A cyanobiont is a term used to describe lichens. Cyanobionts are cyanobacteria that coexist with a variety of organisms, including terrestrial and aquatic plants, as well as algal and fungal species. Lichens are composite organisms made up of a fungus (the mycobiont) and a photosynthetic partner (the photobiont), which can be a green alga or a cyanobacterium. They can live in the host’s extracellular or intracellular structures. When the photosynthetic partner is a cyanobacterium, the organism is referred to as a cyanobiont.
To successfully form a symbiotic relationship, a cyanobacterium must be able to exchange signals with the host, overcome host defenses, be capable of hormogonia formation, chemotaxis, heterocyst formation, and have sufficient resilience to reside in host tissue that may contain extreme conditions such as low oxygen levels and/or acidic mucilage.
Cyanobacteria can photosynthesise, and their collaboration with fungi in lichens allows them to thrive in a variety of environments. The fungus provides a safe environment and vital nutrients, while the cyanobacteria contributes by photosynthesis, producing organic compounds that benefit both partners.

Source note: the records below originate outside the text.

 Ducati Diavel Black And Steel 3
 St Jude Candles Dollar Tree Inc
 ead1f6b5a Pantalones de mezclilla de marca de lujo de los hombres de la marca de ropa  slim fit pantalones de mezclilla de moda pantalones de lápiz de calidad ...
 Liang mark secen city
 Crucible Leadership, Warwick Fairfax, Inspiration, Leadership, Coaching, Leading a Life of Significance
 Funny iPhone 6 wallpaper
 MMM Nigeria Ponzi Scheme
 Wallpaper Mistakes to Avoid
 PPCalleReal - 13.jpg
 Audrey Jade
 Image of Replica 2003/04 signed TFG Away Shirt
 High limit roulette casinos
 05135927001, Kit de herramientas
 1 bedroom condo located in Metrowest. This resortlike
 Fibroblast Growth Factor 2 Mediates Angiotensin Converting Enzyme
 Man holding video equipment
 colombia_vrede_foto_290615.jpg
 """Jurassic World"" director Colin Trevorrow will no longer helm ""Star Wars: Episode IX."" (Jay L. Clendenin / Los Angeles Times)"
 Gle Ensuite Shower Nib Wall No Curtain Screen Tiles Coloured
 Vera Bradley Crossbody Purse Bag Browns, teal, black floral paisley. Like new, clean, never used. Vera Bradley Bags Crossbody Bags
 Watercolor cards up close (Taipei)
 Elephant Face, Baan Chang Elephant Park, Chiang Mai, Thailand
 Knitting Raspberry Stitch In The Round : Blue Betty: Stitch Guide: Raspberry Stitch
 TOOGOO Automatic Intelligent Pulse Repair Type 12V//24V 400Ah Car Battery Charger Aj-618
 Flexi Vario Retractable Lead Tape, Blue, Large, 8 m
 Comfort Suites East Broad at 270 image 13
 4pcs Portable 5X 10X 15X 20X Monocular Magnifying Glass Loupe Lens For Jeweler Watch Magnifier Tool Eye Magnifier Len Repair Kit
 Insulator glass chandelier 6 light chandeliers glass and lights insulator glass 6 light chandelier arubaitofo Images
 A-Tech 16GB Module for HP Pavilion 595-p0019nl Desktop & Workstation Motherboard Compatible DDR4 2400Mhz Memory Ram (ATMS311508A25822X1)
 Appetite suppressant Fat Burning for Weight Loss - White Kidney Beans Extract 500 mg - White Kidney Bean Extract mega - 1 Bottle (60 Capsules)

The Nostoc genus contains the most well-known plant-associated cyanobionts. Members of the genus Nostoc have the morphological plasticity, flexibility, and adaptability to adapt to a wide range of environmental conditions, contributing to their high capacity to form symbiotic relationships with other organisms.
Cyanobacteria can form symbiotic relationships with a wide range of organisms. Cyanobacteria, for example, can be one of the symbiotic partners in lichens, along with fungi and, in some cases, algae. The cyanobiont in this context refers to the cyanobacterial partner in the symbiotic relationship.
The genera Richelia, Calothrix, Synechocystis, Aphanocapsa, and Anabaena, as well as the species Oscillatoria spongeliae, all have cyanobionts that interact with fungi and marine organisms. Although there are numerous documented symbiotic relationships between cyanobacteria and marine organisms, much is unknown about the nature of many of these relationships. Preliminary microscopic observations indicate the possibility of discovering more novel symbiotic relationships.